4. Uferabstand & Schutz der Schilfzonen (Art. 6.11 BSO)
„Fahrzeuge mit Maschinenantrieb müssen von dem am Ufer wachsenden Schilf- und Binsenbestand [...] einen Mindestabstand von 300 Metern einhalten.“ (BSO Art. 6.11)
Der Naturschutz spielt am Bodensee eine zentrale Rolle. Bestände von Wasserpflanzen wie Schilf, Binsen und Seerosen dürfen grundsätzlich nicht befahren werden.
- Ein Mindestabstand von 25 Metern zu bepflanzten Zonen ist jederzeit einzuhalten.
- Ausnahmen vom 300m-Uferabstand bestehen lediglich zum An- oder Ablegen sowie zum Stillliegen.
- In diesen Fällen muss der kürzeste Weg zum Ufer gewählt und die Geschwindigkeit auf maximal 10 km/h begrenzt werden.
5. Alkoholgrenzwerte auf dem Wasser
„Es ist verboten, ein Fahrzeug zu führen oder als Mitglied der Mannschaft eine Tätigkeit des Decksdienstes auszuüben, wenn eine Alkoholkonzentration im Blut von 0,5 Promille oder mehr [...] vorliegt.“ (BSO Art. 1.03, Abs. 4)
Wie im Straßenverkehr gilt auch auf dem Wasser eine strikte Promillegrenze zum Schutz aller Wassersportler.

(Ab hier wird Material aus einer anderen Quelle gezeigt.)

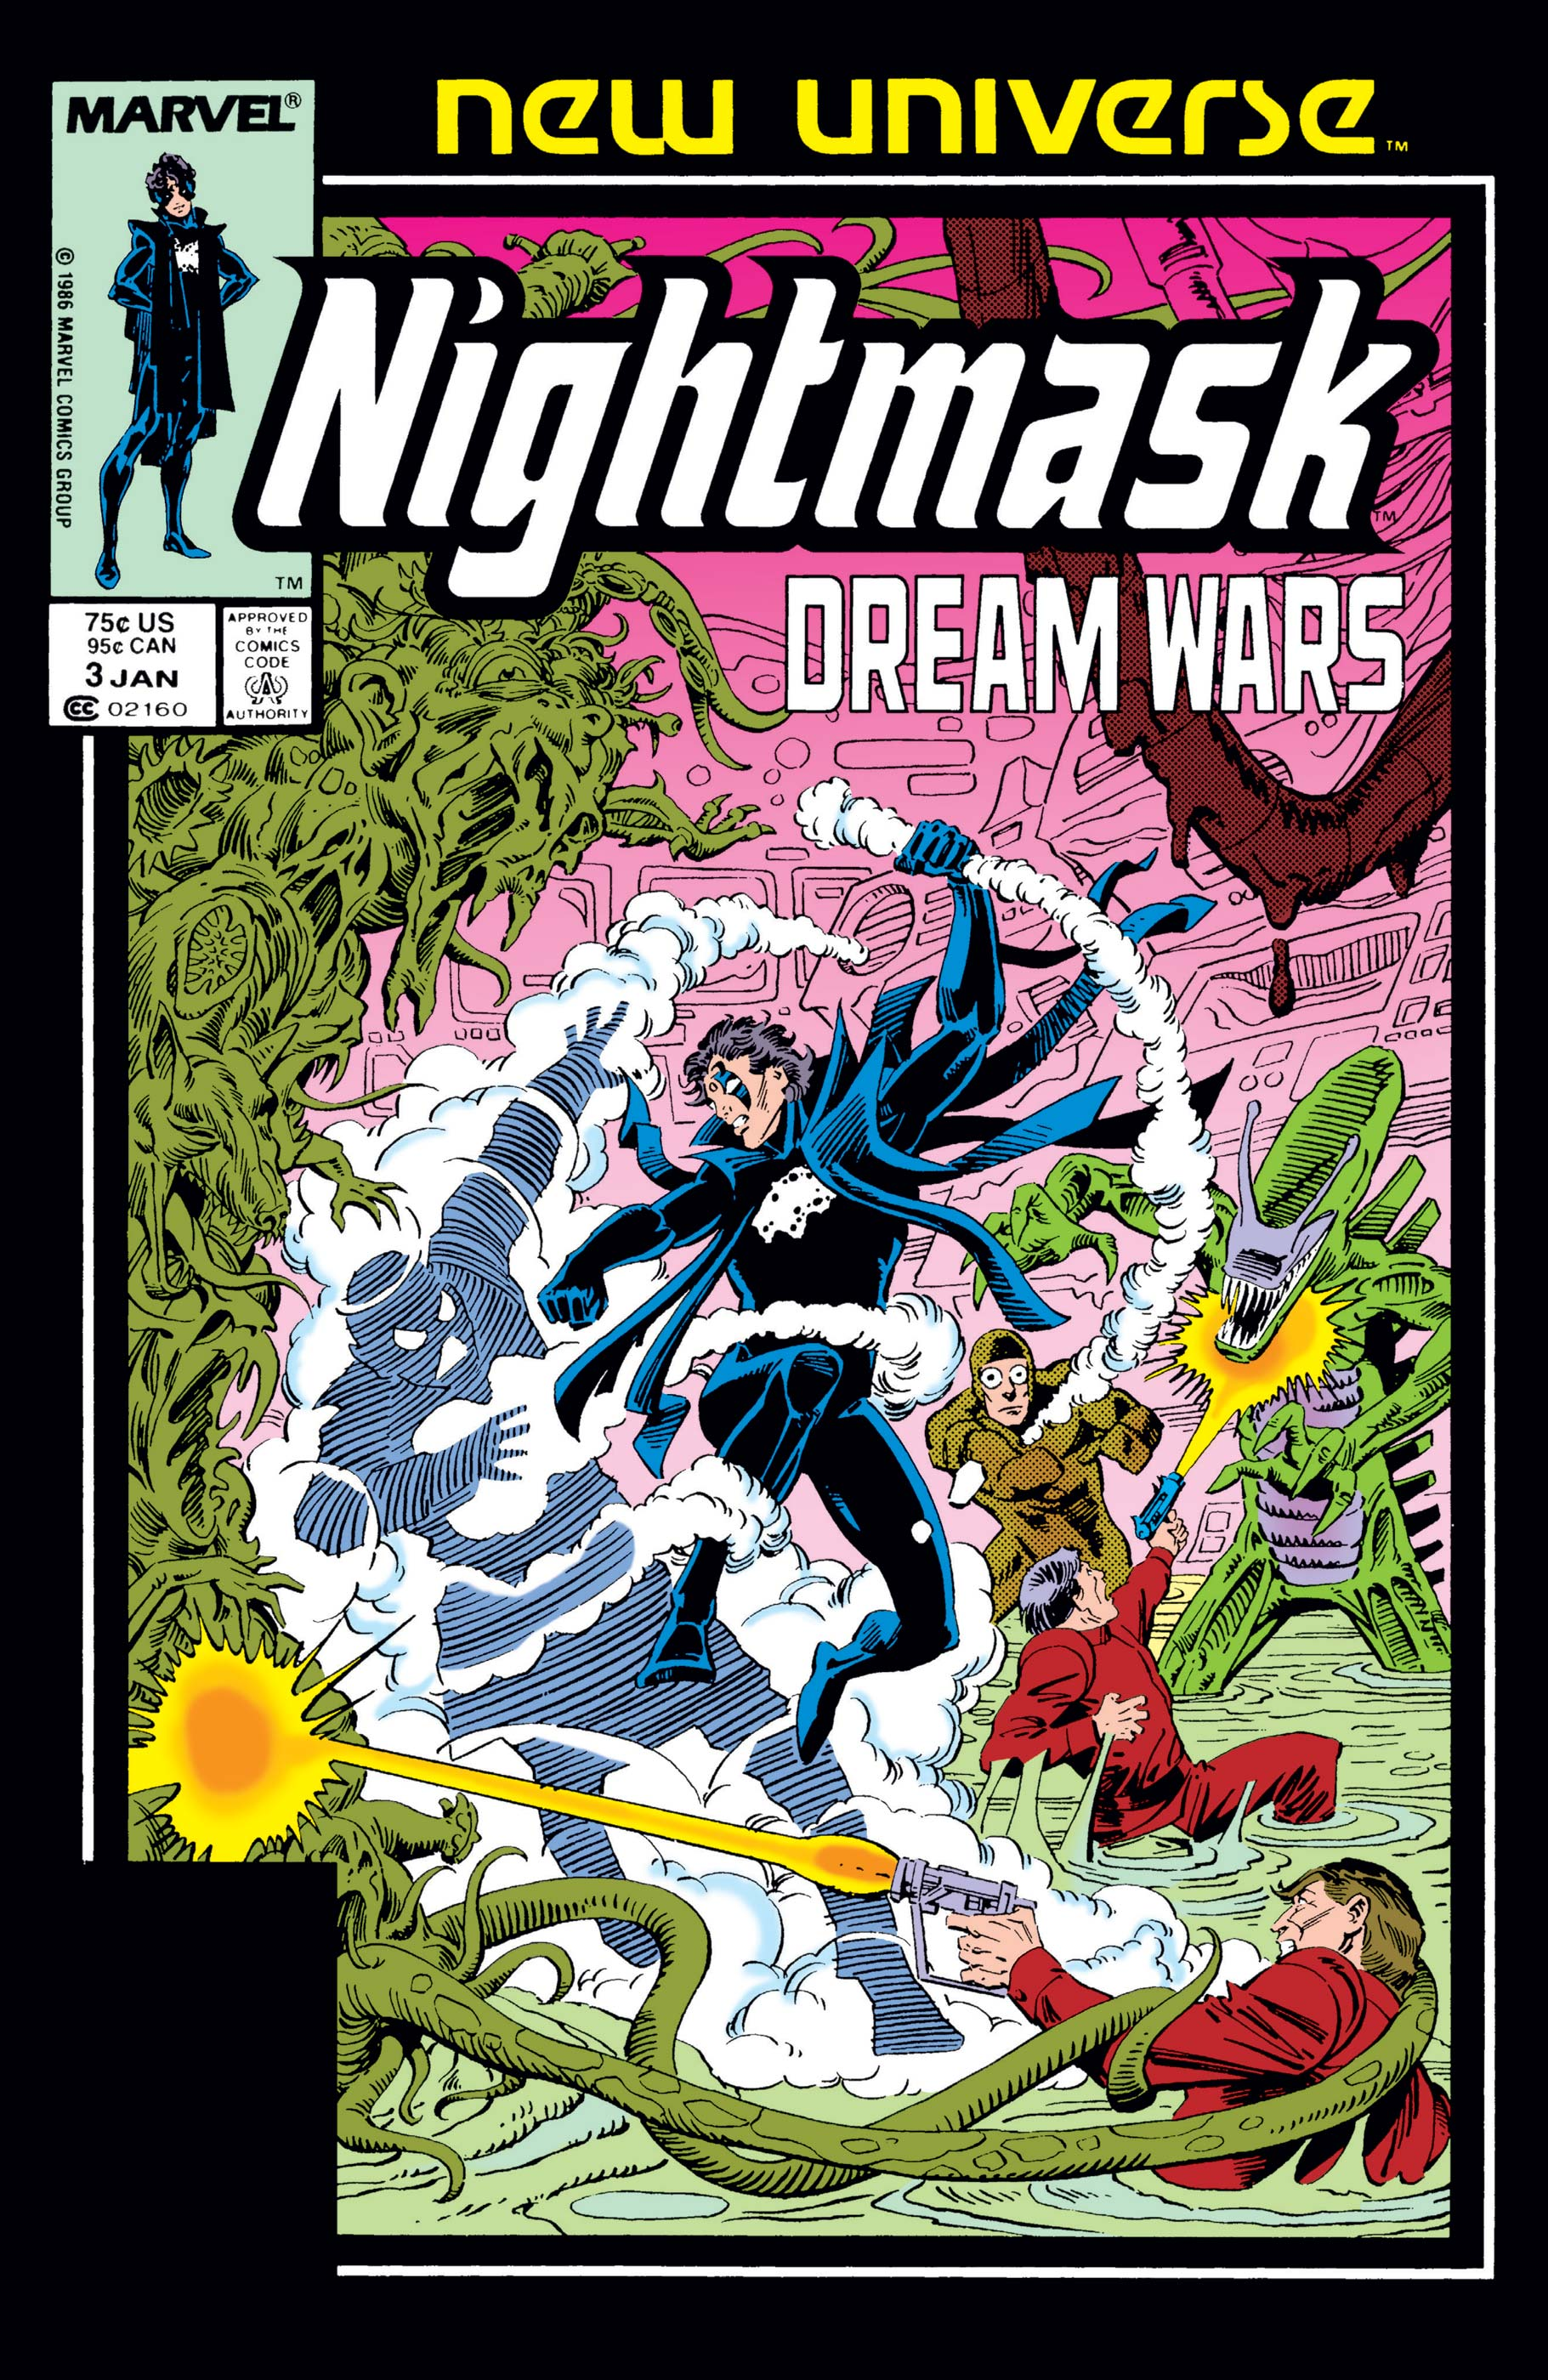 Nightmask (1986) #3

- Es gilt eine feste Grenze von 0,5 Promille für den Schiffsführer und die Mannschaft.
- Die Einhaltung der Alkoholgrenzen ist Teil der allgemeinen Sicherheitsvorschriften der BSO.
6. Offizielle Gesetzestexte
Für detaillierte Informationen und den vollständigen Wortlaut der Verordnungen empfehlen wir die Einsicht in die offiziellen Publikationen.
Zusatz: Pflichtausrüstung nicht vergessen
Neben den rein rechtlichen Verhaltensregeln schreibt die BSO auch zwingend vor, welche Ausrüstung Sie für die Sicherheit Ihrer Crew an Bord haben müssen. Informieren Sie sich vorab umfassend, um Bußgelder zu vermeiden.